More than half of the converts who are in limbo due to the circumcision delay are Ethiopians from the Falash Mura minority, whose immigration to Israel is conditioned on the completion of an Orthodox, state-supervised conversion, Amichai confirmed. The Ethiopians are living in Jewish Agency for Israel facilities. Forer pressed the Jewish Agency to divert funds to resolve the problem involving the Ethiopians at least.

Israel’s Ashkenazi Chief Rabbi David Lau, left, and his Sephardi counterpart Yitzhak Yosef attend a religious ceremony in Jerusalem on April 4, 2023. (Yonatan Sindel/Flash90)

The Finance Ministry is processing a request for a budget adjustment to cover circumcisions, Cohen, the Rabbinate’s representative, said at the discussion.
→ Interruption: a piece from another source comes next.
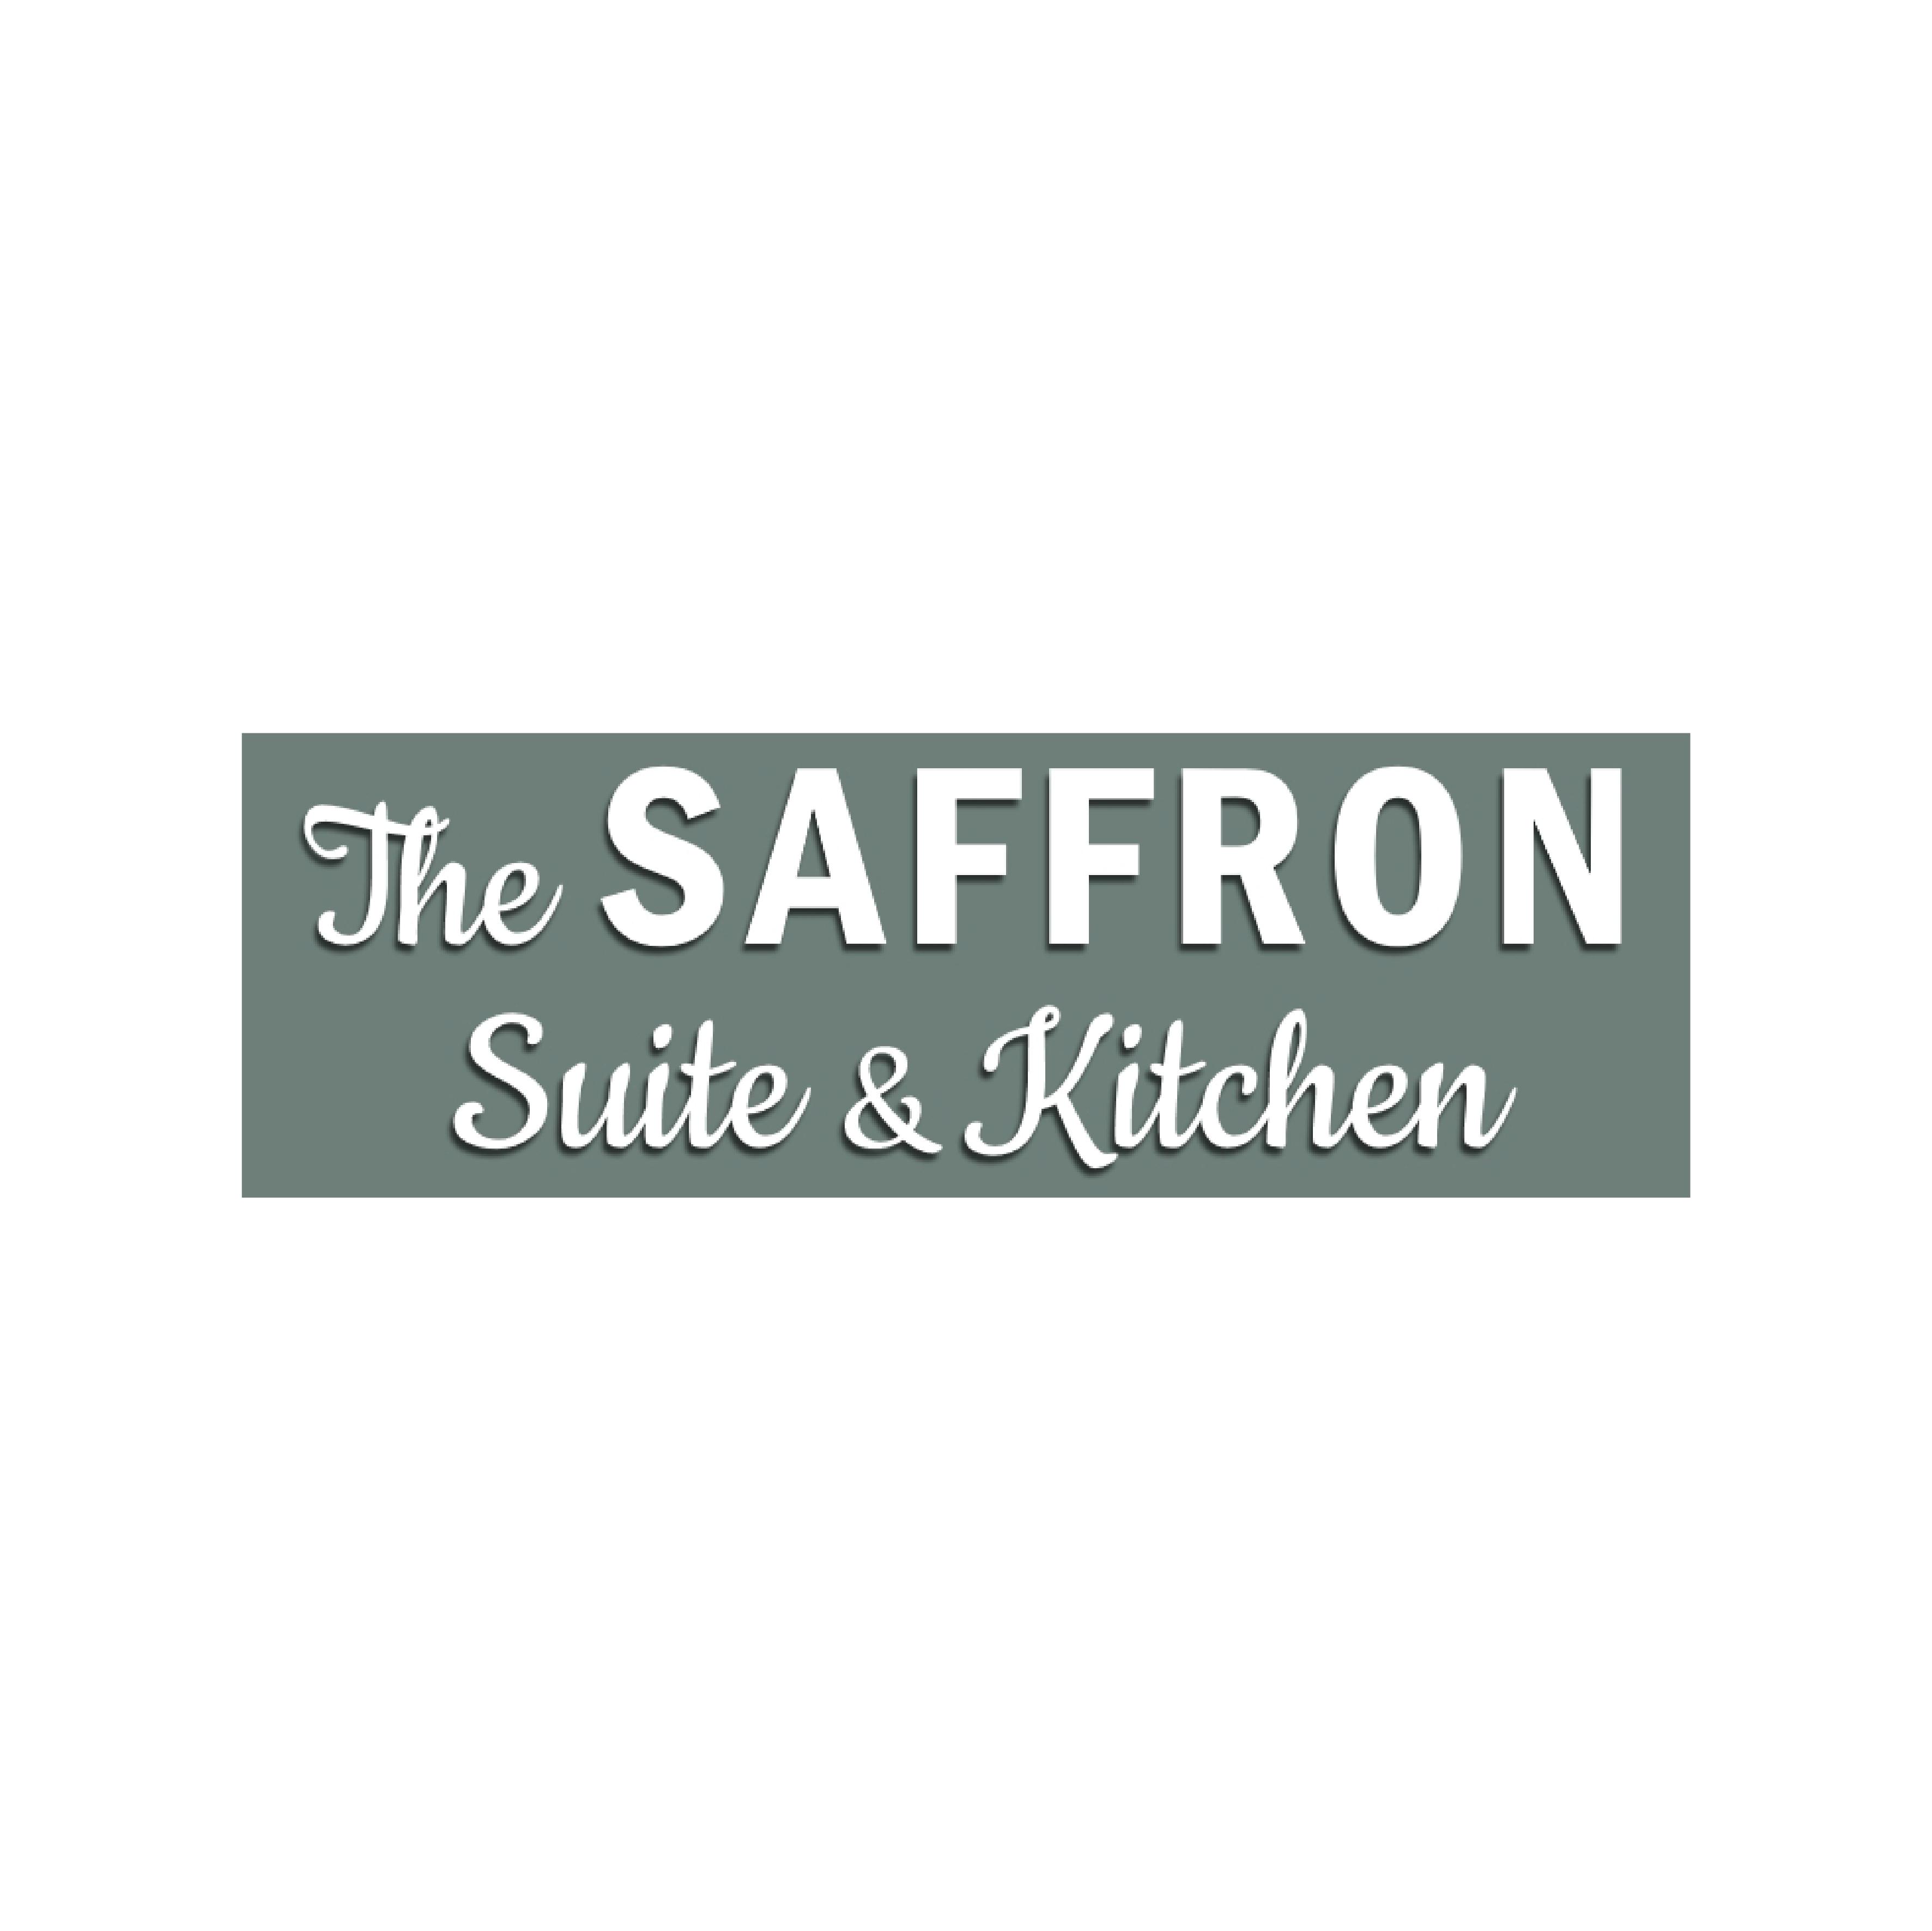 The Saffron Suite & Kitchen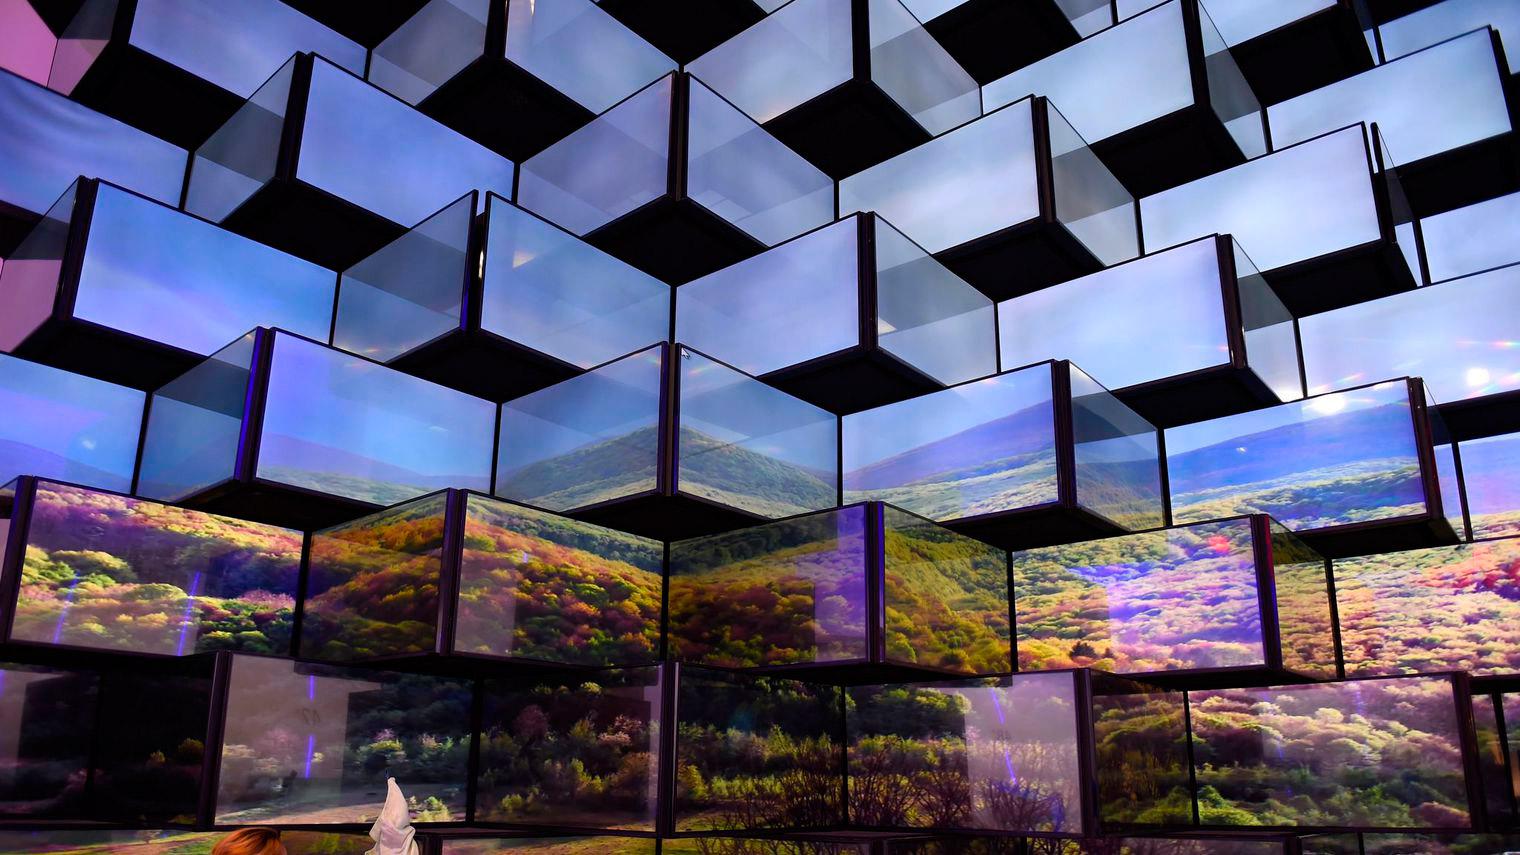 2015 : Le multi-écrans se généralise et influence les pratiques des internautes

Forer urged the Conversion Authority to use its ceiling of NIS 50,000 for special projects without the need for a tender to fund operations for at least some of the men waiting for a circumcision.

Farber, the founder of ITIM, accused authorities of letting converts suffer needlessly. One convert whom ITIM is helping and who is currently serving in Gaza was preparing to pay NIS 7,000 out of his own pocket during a break from the fighting to have a circumcision, Farber said. Eventually, several donors stepped in and funded the operation for him within the past few days, Farber said. The convert did not wish to be interviewed, Farber said.

ITIM got involved with the current delay in circumcisions after being approached by several couples. The delay was holding up their marriage, which Israeli authorities — in this case the Rabbinate — will perform for Jews only if both spouses are Jewish. Israel has no civil marriage option. The convert who wanted to pay for the operation planned to do this so as not to delay his wedding.

“The silver lining of this convert’s story is that Israeli society has such charitable people who stepped in where the state failed this man, but dozens are still in a similar position,” Farber told The Times of Israel.